Final documentation assessment

At discharge or final coding, the complete record is assessed for documentation accuracy and coding alignment. The CDI review findings, queries, physician responses, and coding outcomes are documented as part of the case record.

Program reporting and education

CDI outcomes are aggregated for program reporting, including query rates, response rates, DRG impact, and documentation improvement trends. Results inform physician education priorities and CDI program strategy.

Inputs + systems

This process commonly relies on inputs such as the inpatient clinical record, physician orders, nursing assessments, laboratory and imaging results, and current coding data. It may be triggered by an admission event, a DRG-based worklist, or a retrospective audit queue. Connected systems often include EHR platforms like Epic or Cerner for clinical records, CDI workflow tools like 3M 360 Encompass or Optum CDI, and encoder/grouper systems for DRG analysis.

Key decision points

Key decision points include whether the clinical documentation accurately reflects the patient’s severity of illness and complexity of care, which documentation gaps warrant a physician query versus those that can be resolved through other means, whether the physician’s response adequately addresses the documentation opportunity, and whether the updated documentation aligns with accurate code assignment.

Common failure points

Queries not reaching physicians promptly, especially in settings where paper-based or informal query methods are used. Low physician response rates that leave documentation gaps unresolved before discharge and final coding. Non-compliant query language that leads to audit findings if queries are leading, presumptive, or not clinically supported. CDI reviews initiated too late in the admission, missing the window for concurrent documentation improvement. Program metrics not tracked, making it difficult to demonstrate CDI impact on documentation quality, reimbursement, and quality reporting.
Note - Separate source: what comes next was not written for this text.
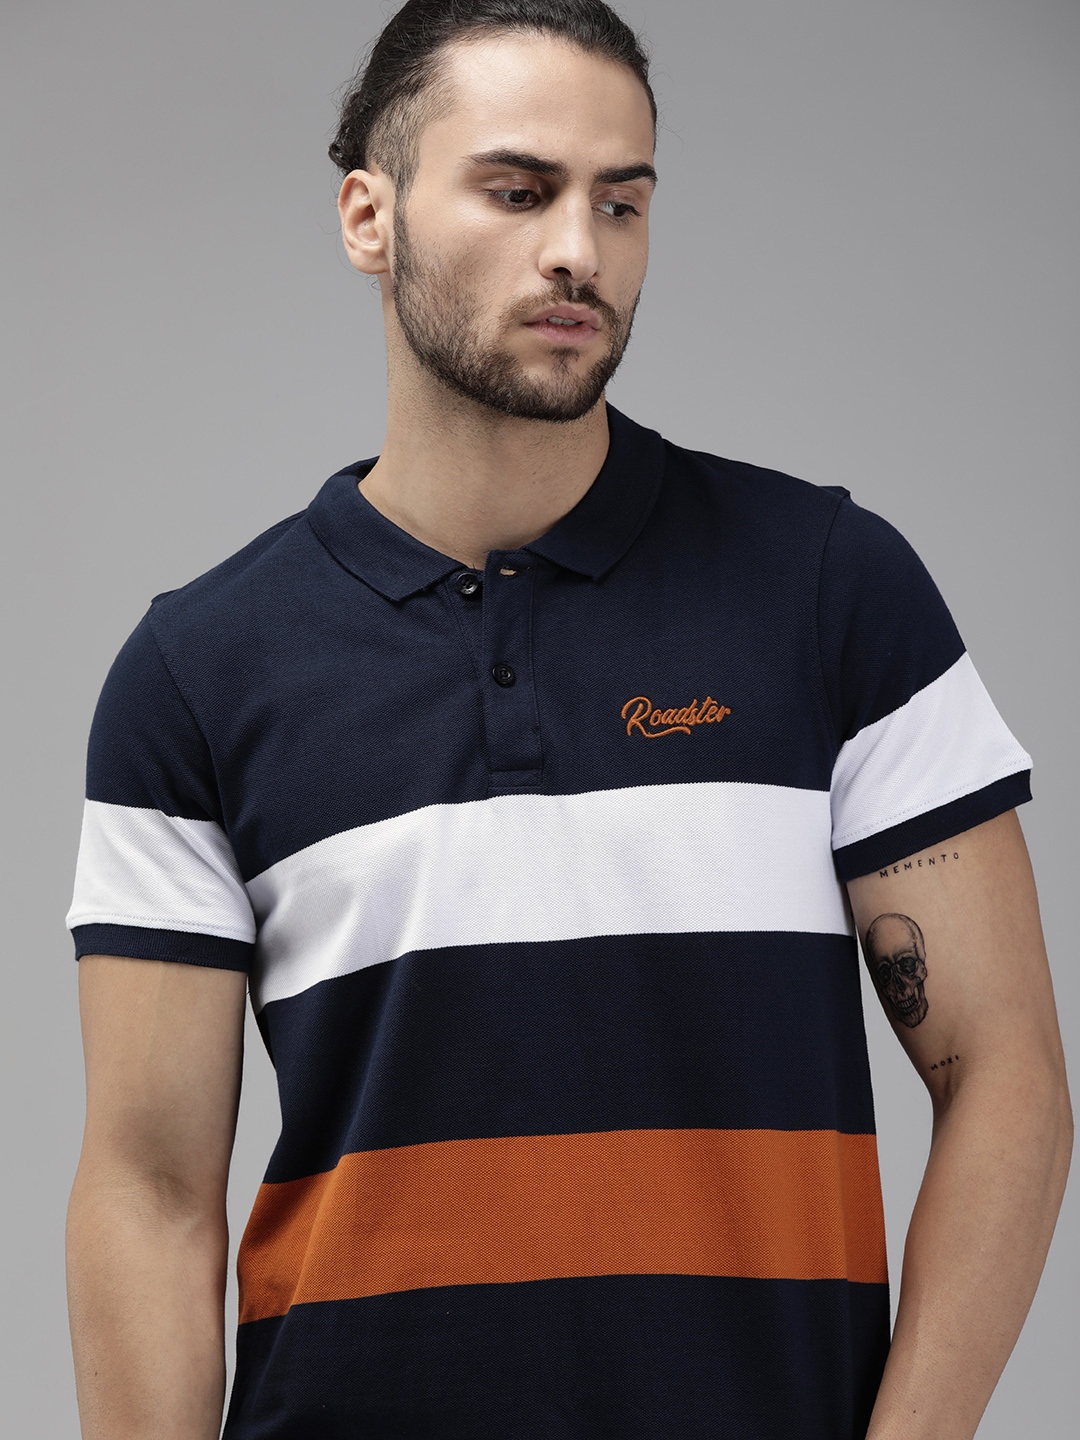 Buy Roadster Men Navy Blue White Striped Polo Collar Pure Cotton T ...

How Moxo supports this workflow

Orchestrates the CDI review cycle from record review through physician query, response, and coding alignment across CDI specialists, physicians, and coding teams in a single workflow.

Routes physician queries directly to the attending provider with clinical context and tracking, improving response rates compared to paper or informal channels.

AI Agents scan clinical records for documentation gaps and suggest query opportunities, accelerating the CDI specialist’s review process.

Tracks query response timelines and escalates unanswered queries to ensure documentation is updated before discharge and final coding.

Connects to EHR and CDI platforms like Epic, Cerner, and 3M 360 Encompass so clinical data, queries, and coding records are accessible in context.

Captures CDI program metrics including query rates, response rates, DRG impact, and documentation trends for program management, physician education, and executive reporting.